Want to know whether we can develop micro services with underlying JBOSS application server.
I understand Spring boot comes with embedded tomcat container, which makes it flexible to stop and start, deploy individual service with no impact to other services.
However will that architecture works with JBoss too.
Please suggest.
Thanks,
I actually developed a feasibility study to investigate the solution you mentioned. My conclusion is that it is totally viable to use Micro Service principles in a JBoss Platform.
I used the combination of JBoss \ Spring Boot \ Netflix to create successful Micro Service stack, I personally do that to find a solution to the transaction problem (multiple micro services collaborating) and the fan out problem which caused because excessive Network communication and Serialization costs.
I also wrote a blog about the subject, you might find more details there if you like to, here is the link.
Micro Services – Fan Out, Transaction Problems and Solutions with Spring Boot/JBoss and Netflix Eureka
By the definition what micro services are, then conceptually yes. A micro service is a service that is an independent unit, it could deployed, updated, and undeployed independently without affecting any unrelated part of your application. So that would mean having multiple instances of JBoss for MS and your application calling them through some sort of gateway or any other mechanism depending on your use case. If you plan to deploy all your MS in the same JBoss instance then it defeats the very purpose of a MS. Given that, JBoss wouldn't be a right choice for MS deployment because it will only make your MS deployment infrastructure quite heavy.
Depending on what your client's requirements are, your could possibly keep your webapp in JBoss and deploy your MS containers separately.
It depends on what you want to get out of microservices.
Some of the developers at my organisation looked at Spring Boot but concluded that it's best off being run as a standalone container rather than in JBoss, otherwise you've effectively got two container frameworks competing (SB and JBoss) and a range of associated issues.
Deploying microservices in JBoss won't give you the same flexibility as a true container system like Docker. With Docker you create standalone packages for your microservices that contain all the code, system tools, runtime environment, etc. It can be as small or large as it needs to be. JBoss on the other hand is a large container running a single JVM designed to hold multiple applications. The level of isolation is not the same, and it's not efficient to have JBoss as a container for a single microservice so you have to appropriately size and then deploy to the instance to make use of the resources it has available.
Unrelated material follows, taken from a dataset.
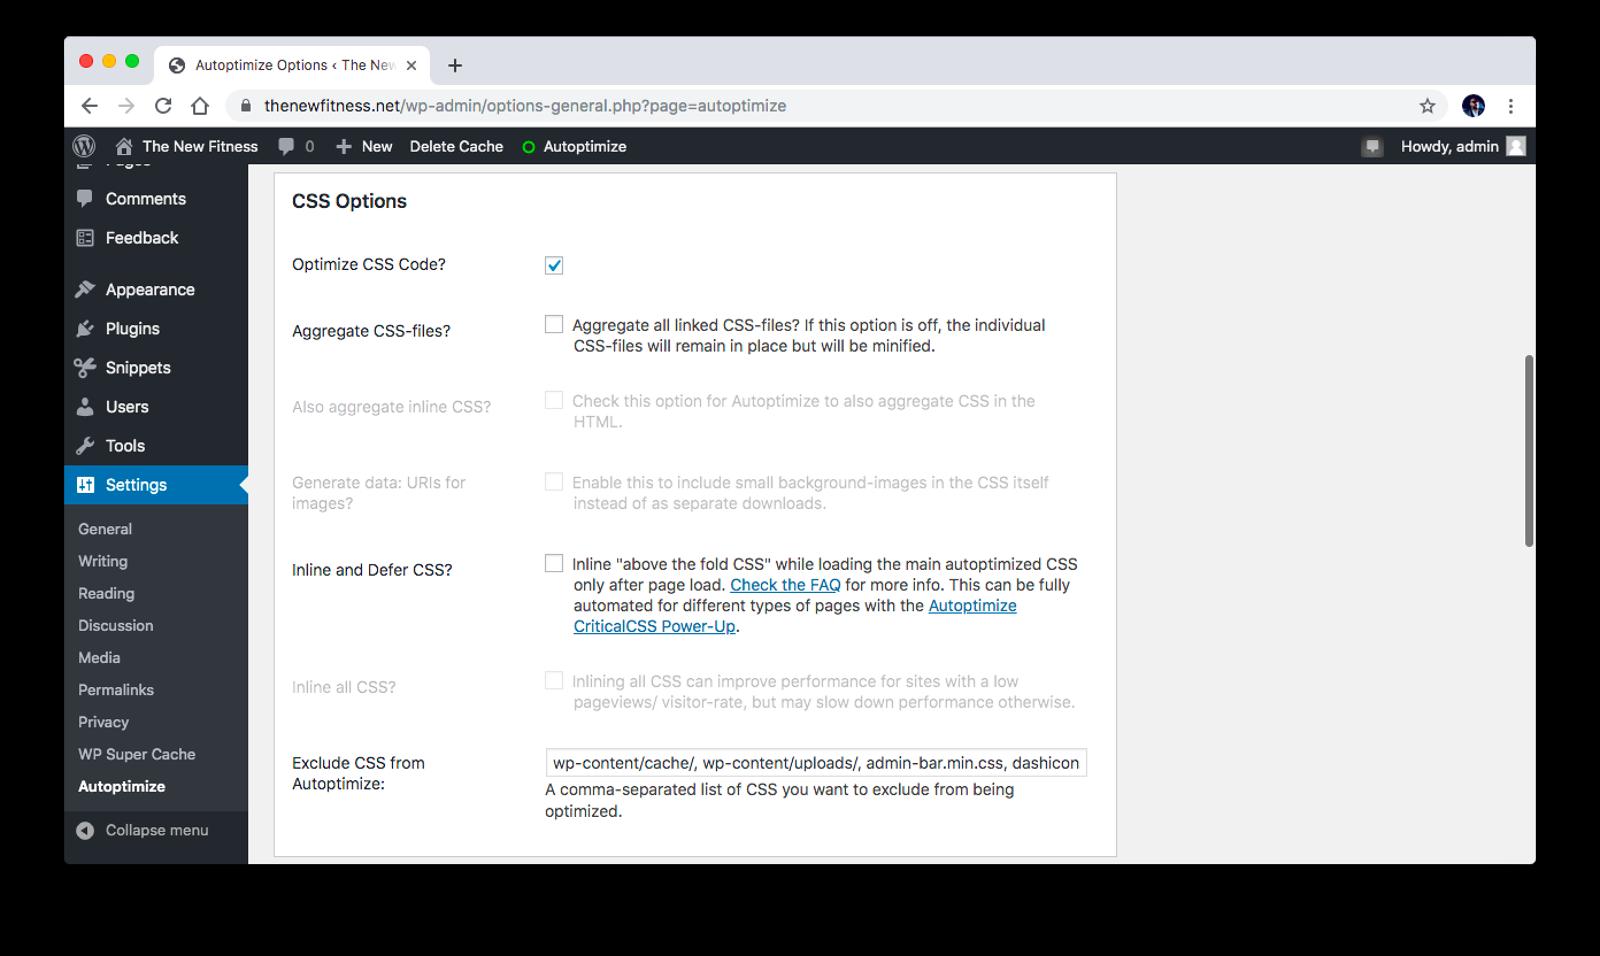 Optimize CSS code

If you're looking at microservices as a way to gain greater control over service lifecycle management (deployment, versioning, deprecating, etc.) as opposed to an automated, web-scale component deployment model a la Netflix or LinkedIn, you could do this adequately with JBoss.
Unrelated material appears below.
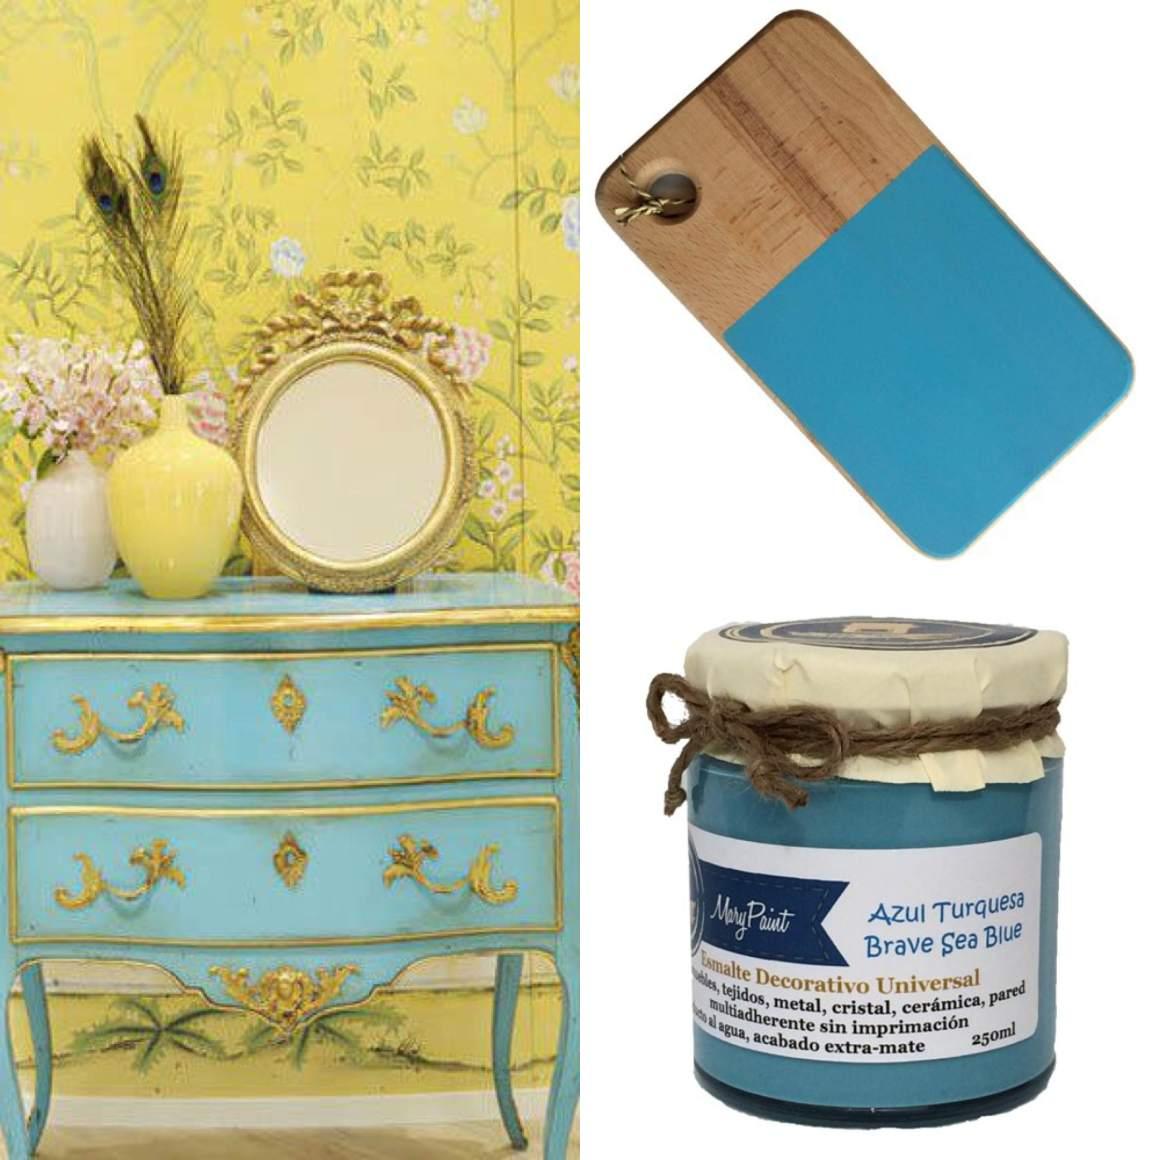 marypaint azul turquesa / brave sea blue

I'm actually looking to do something along these lines here. It won't be true microservices but by packaging and deploying individual, properly versioned APIs rather than monolithic applications and following most of the other principles of microservice development (componentisation, business function focus, stateless etc.) we will be hopefully better able to manage and benefit from our APIs.
Our APIs will all be behind an API gateway and load balancer so we can choose how we distribute the microserves distributed across the JBoss instances and balance resource usage as required. Note that our organisation is relatively small and has relatively low and predictable traffic so this approach should work fine. Your needs however may be different.